Evidence: signaling traces and an expected-versus-observed matrix.

Pass criteria: expected protections are consistently observed and deviations are clearly visible.

MBX-16 - UE to user-plane and data-network path

Objective: validate end-to-end service from registration through usable data.

Blackbox angle: confirm what a user experiences and what packet evidence proves from the outside.

Steps:

  1. Establish a session after successful registration.
  2. Test DNS, general data flow, and application traffic.
  3. Record latency, stability, and whether the session survives expected state changes.

Evidence: packet capture, ping or application notes, DNS observations.

Pass criteria: the user-plane path is stable and traceable end to end.

MBX-17 - UE to detection and telemetry chain

Objective: prove that a user-visible issue can be traced across the lab evidence chain.

Blackbox angle: start from the UE symptom and work outward to the observable network evidence.

Steps:

  1. Trigger or observe a benign, controlled event such as registration failure, fallback, or service interruption in the lab.
  2. Correlate the handset symptom with captures and logs.
  3. Confirm whether the same event is visible at more than one layer.

Evidence: phone-side screenshot, pcap, correlated log fragment.

Pass criteria: the event can be reconstructed from UE symptom to network evidence without blind spots.

MBX-18 - UE to robustness and failure handling

Objective: validate that abnormal or failed procedures are handled safely in the lab.

Blackbox angle: assess externally visible failure behavior and whether the system degrades cleanly.

Steps:

  1. Execute approved negative-path or failed-procedure scenarios in the lab baseline.
  2. Record whether the UE receives clear rejection or safe failure behavior.
  3. Confirm that failure does not become silent corruption or unexplained instability.

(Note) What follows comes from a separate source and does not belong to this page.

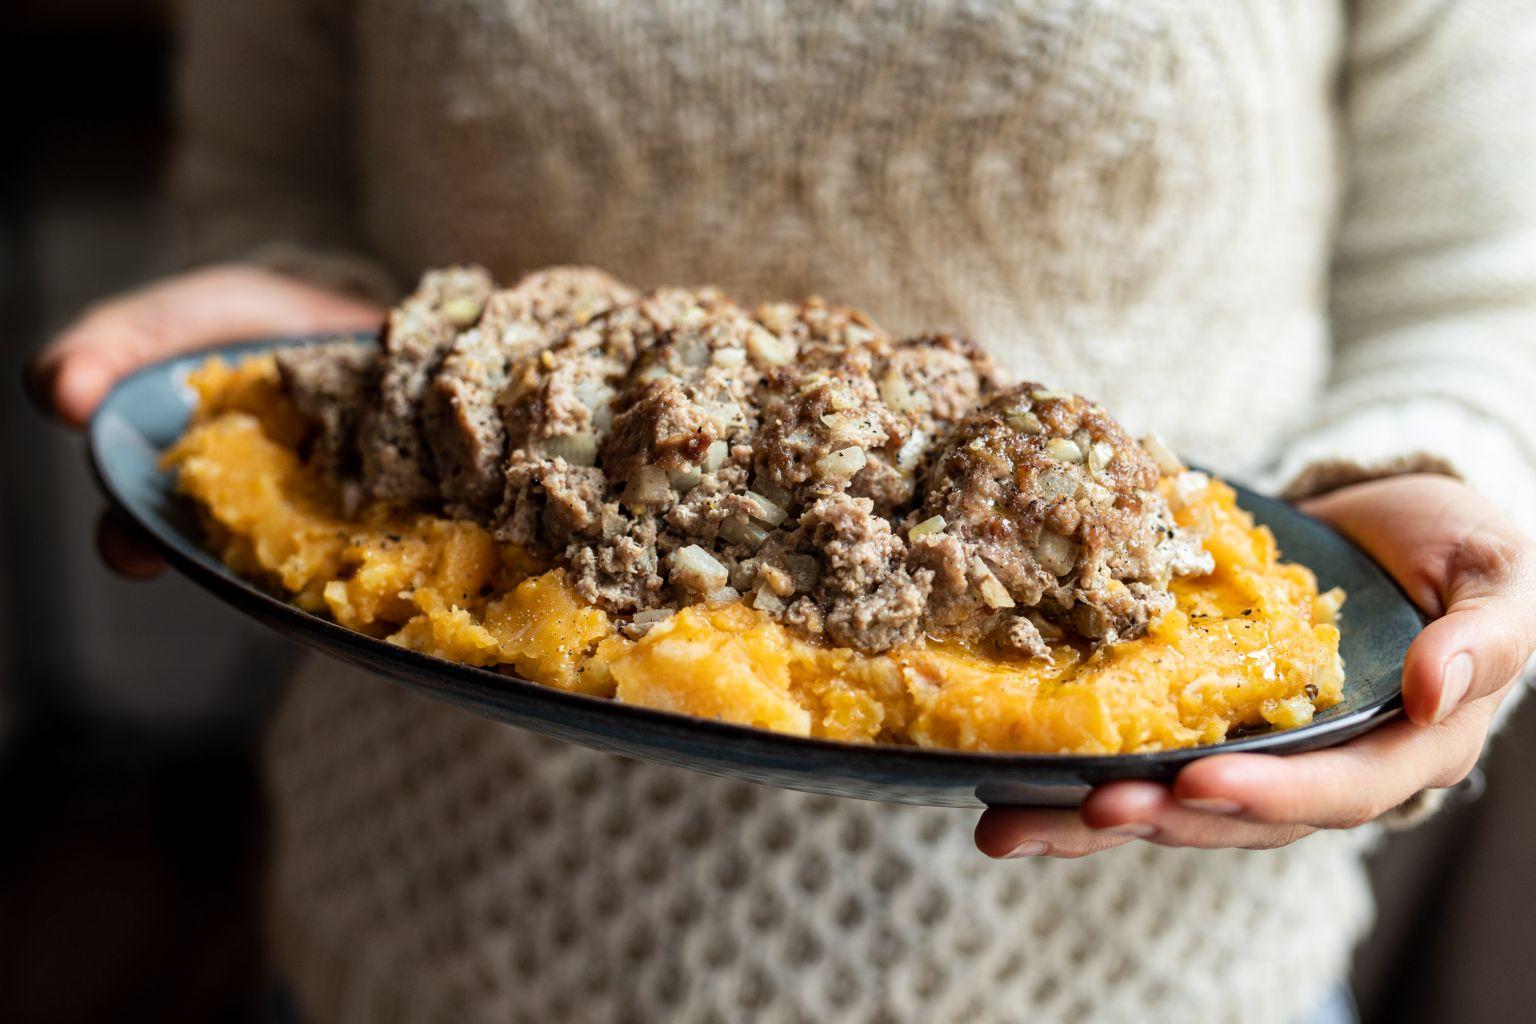 Pain de viande rôti et purée de patate douce

Evidence: rejection traces, error logs, handset behavior notes.

Pass criteria: abnormal conditions are rejected safely, logged, and do not create unexplained service state.

Execution order

  1. Run MBX-01 through MBX-08 immediately with the Pixel 9a and laptop.
  2. Run MBX-09 through MBX-11 next to create a known-good 4G/5G core baseline.
  3. Wait for LibreSDR + Faraday setup before running MBX-12 through MBX-15.
  4. Finish with MBX-16 through MBX-18 once the lab is stable enough for cross-layer evidence.

Priority order if time is limited

  1. MBX-01 UE baseline
  2. MBX-04 serving-cell inventory
  3. MBX-06 privacy baseline
  4. MBX-07 fallback behavior
  5. MBX-09 5G core baseline
  6. MBX-10 4G core baseline
  7. MBX-12 controlled attach
  8. MBX-17 detection chain

Immediate readiness summary

Ready now

Ready after LibreSDR arrives and RF isolation is set up

Outcome

This master plan gives you a single blackbox test path from UE to each major node or trust zone, aligned to your actual hardware and staged so you can begin now with the laptop and Pixel 9a, then extend safely into controlled RF lab validation once the LibreSDR arrives.